Second dialect acquisition after regional migration in England

For my PhD project, I am examining how migration influences the acquisition of phonetic variation. I am interested in how speakers who have moved from the North West to the South of England change their accent, and their knowledge of sociolinguistic features. I am particularly interested in how sociolinguistic awareness, identity and individual differences in cognitive ability influence this process. To explore these questions, I have conducted a longitudinal study with first year undergraduate students who have moved to the South of England for university. I have also conducted two larger sample online studies, examining how accent knowledge and identity are affected by migration.

In May 2024, I gave a talk to Cambridge University Phonetics and Phonology Lab on the results of my online study on accent knowledge after migration, which showed that attention control modulates the effect of exposure in the encoding and retrieval of sociophonetic variation. You can view the slides here.
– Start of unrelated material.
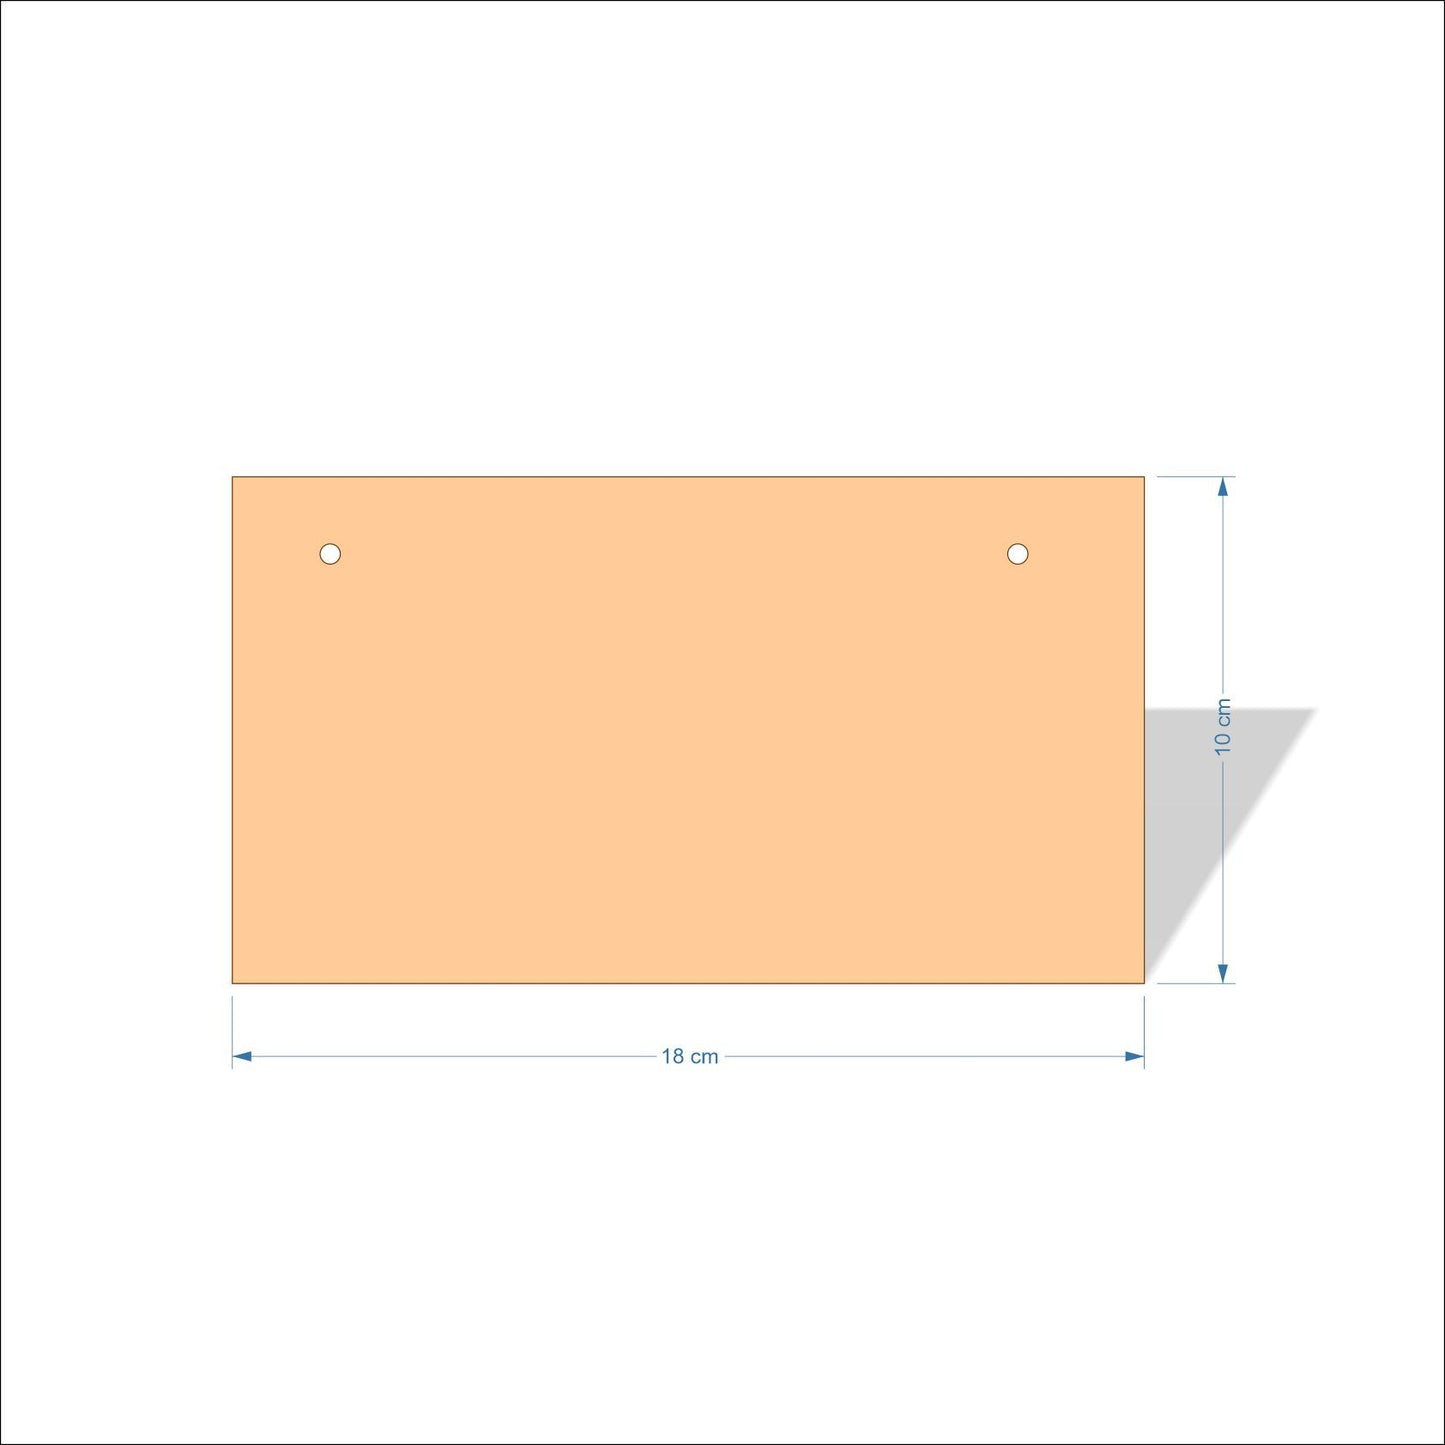 18 cm X 10 cm 3mm MDF Plaques with square corners

I also co-authored a paper on lifespan change, and adult acquisition of phonological variation at ICPhS 2023, which you can read here.

Pupil size as a correlate of cognitive load when listening to accented speech

Working with Scott Kunkel, Rémi Lamarque and Adam Chong, we have been interested in using changes in pupil dilation as a measure of cognitive effort, when listening to speech produced in different accents. We exposed 60 Southern British English speakers to sentences in their own accent, American English, Glaswegian English and Chinese-accented English, to examine how accent familiarity affects pupil size.

The poster I presented on this topic at LabPhon19 can be found here.

Individual differences in sociophonetic perception

For this project, I was interested in how individual differences in cognitive processing style influences the perception of changes in progress. To do this, I examined how speaker and listener factors influenced the perception of DRESS-lowering and GOOSE-fronting in Southern British English, and considered autistic-like traits as a measure of cognitive processing style. We found that listeners' integration of audiovisual information was affected by their cognitive processing style, as was their overall interpretation of the changes-in-progress.


A manuscript can be shared upon request.

Speak for Yersel

I have also been working as a research assistant at the University of Glasgow on the Speak for Yersel project, a large-scale resource for studying variation in Scots. In this role, I have been helping to process and analyse phonetic, morphosyntactic, and lexical variation collected from across Scotland.